Being infected with ransomware and having all of your files encrypted is a horrible feeling. I have been told that victims feel violated, depressed, scared, and angry, and to make matters worse, now they have to fork over a lot of money to some criminal to get their files back.

Typically, ransomware infections target specific file extensions for encryption. This means that unless a particular ransomware encrypts every file type on a drive, files that have already been encrypted will not be encrypted by subsequent ransomware infection.

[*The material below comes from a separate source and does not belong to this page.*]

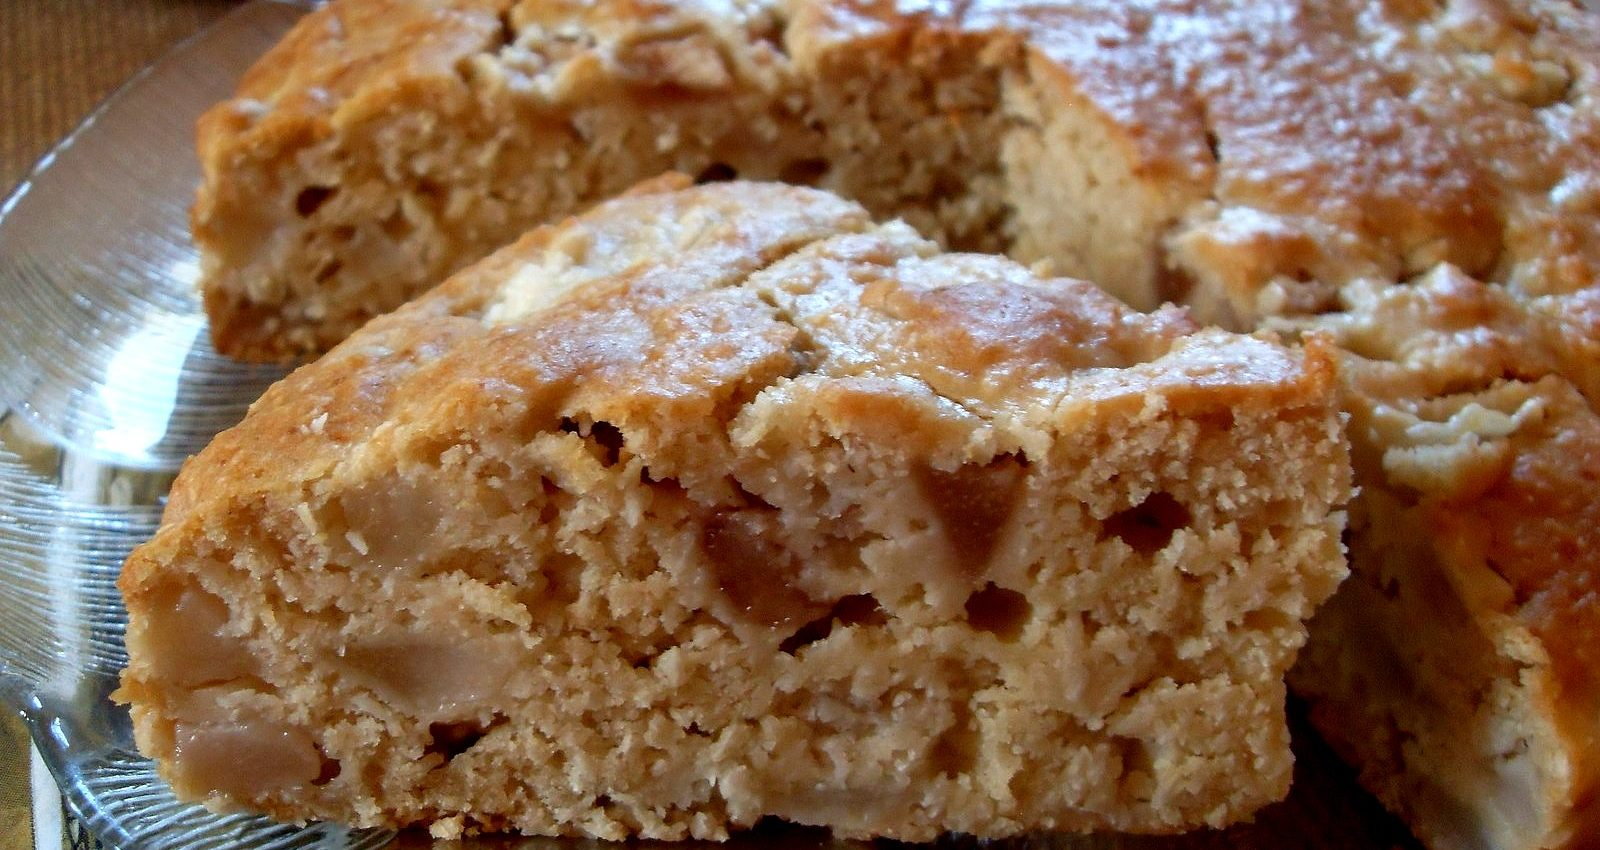 Recette v gane de g teau poires noix de coco je cuisine for Cuisinier vegan

Along comes, the Stampado dev, who in my opinion has now taken ransomware to a new low by specifically targeting files that have already been encrypted by a ransomware. While working on his Stampado decryptor, Fabian Wosar of Emsisoft found that a new version of Stampado has additional targeted extensions that correspond to ransomware encrypted files. That means that if someone is already dealing with a ransomware infection and becomes infected by Stampado, they will now have to pay twice to get the same files back.

Targeting Ransomware Encrypted Files
Targeting Ransomware Encrypted Files

In the source code snippet above we see that the Stampado dev is actively targeting over 50 different extensions that are known to be files encrypted by other ransomware. I see extensions from Kimcil, Cerber, TeslaCrypt, LeChiffre, Locky, Coverton, PadCrypt, and many others.

Though Stampado is easily decrypted using Fabian Wosar's Stampado Decryptor, this shows us that for the Stampado dev there is no honor among thieves.